For many scientists and research institutes, but also whole countries, the commitment to scientific research is spurred partly by the recognition that today’s knowledge and solutions will not suffice tomorrow.

Yet this too is an effect. The cause is nothing but mankind’s inherent and unrelenting curiosity for touching and crossing new boundaries. It is educated and well-motivated people, the brain potential of the world that are the cause of it all.

The CERN collider is wonderful news for Estonia too. And not just because also Estonian researchers are engaged in the information technology of the realisation of the project.

This particle accelerator is a masterpiece of engineering, a masterpiece of the designers and builders of applications. Owing to that, new vistas of fundamental research are opening up very soon.
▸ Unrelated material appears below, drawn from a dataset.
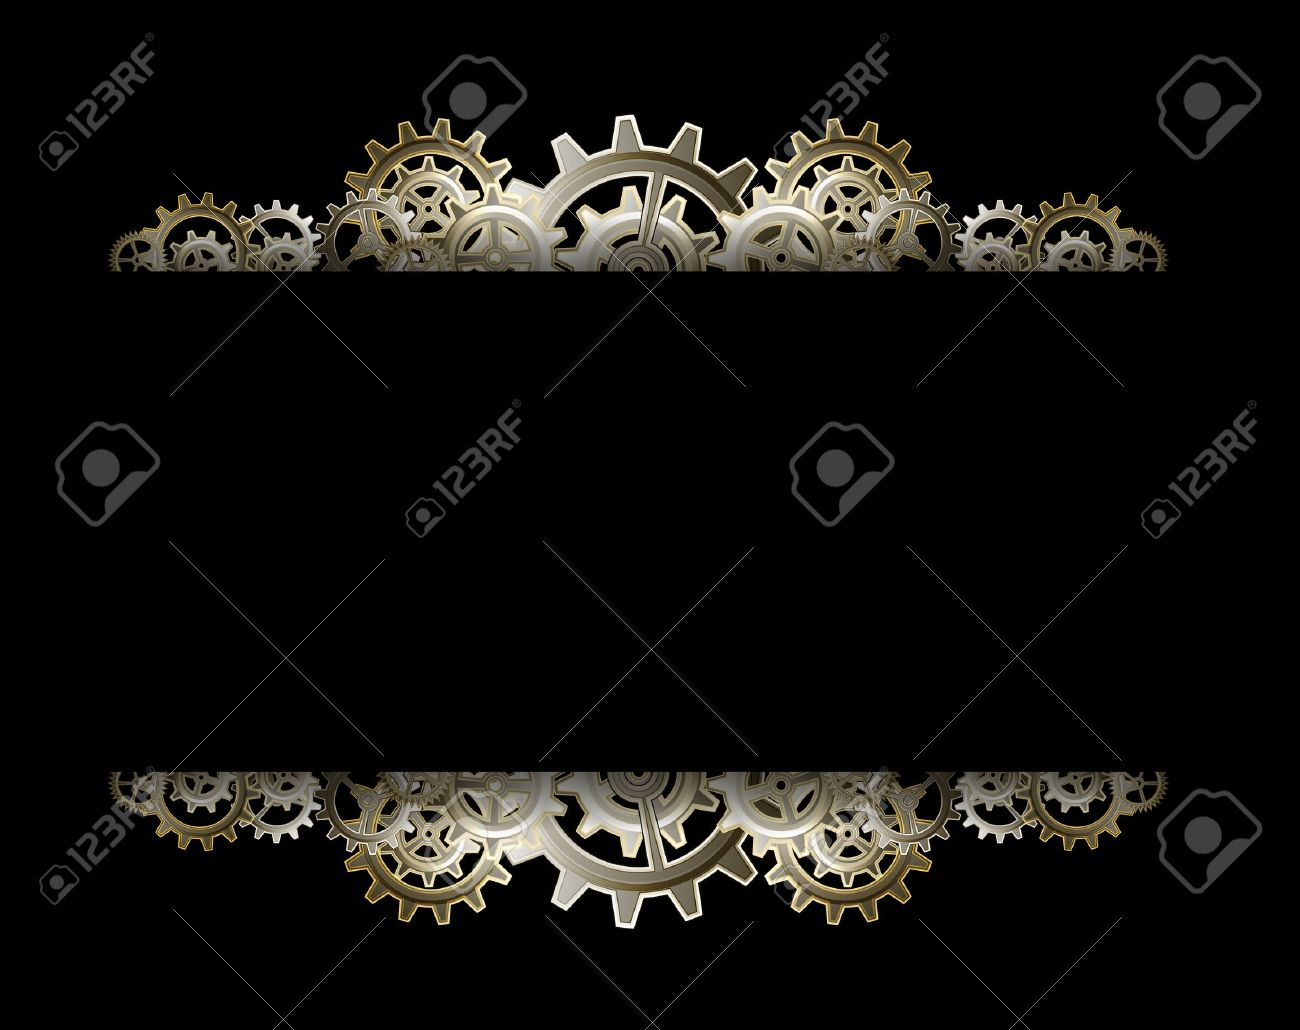 Steampunk gears frame - 24012680

I hope that news from CERN and other research centres will attract the attention of Estonian youth more and more in the future. I hope that the physics and mathematics teachers of our schools will be able to direct that attention, answer questions and urge their students to come up with new ones.

Because this is the best advertisement for sciences and engineering. Much more effective than dozens of newspaper articles or speeches about the importance of sciences in main school and secondary school. This advertisement shall have a more widespread effect than the hints of political and economic leaders that a final exam in mathematics should be obligatory for all students finishing secondary school. By the way, I am deeply convinced that it indeed should obligatory.

Ladies and gentlemen.

In the 17 years following the restoration of our statehood, the Estonian state and society have reached a stage where the task of restoration of the fundamental basis of our nation has, to a considerable extent, been accomplished.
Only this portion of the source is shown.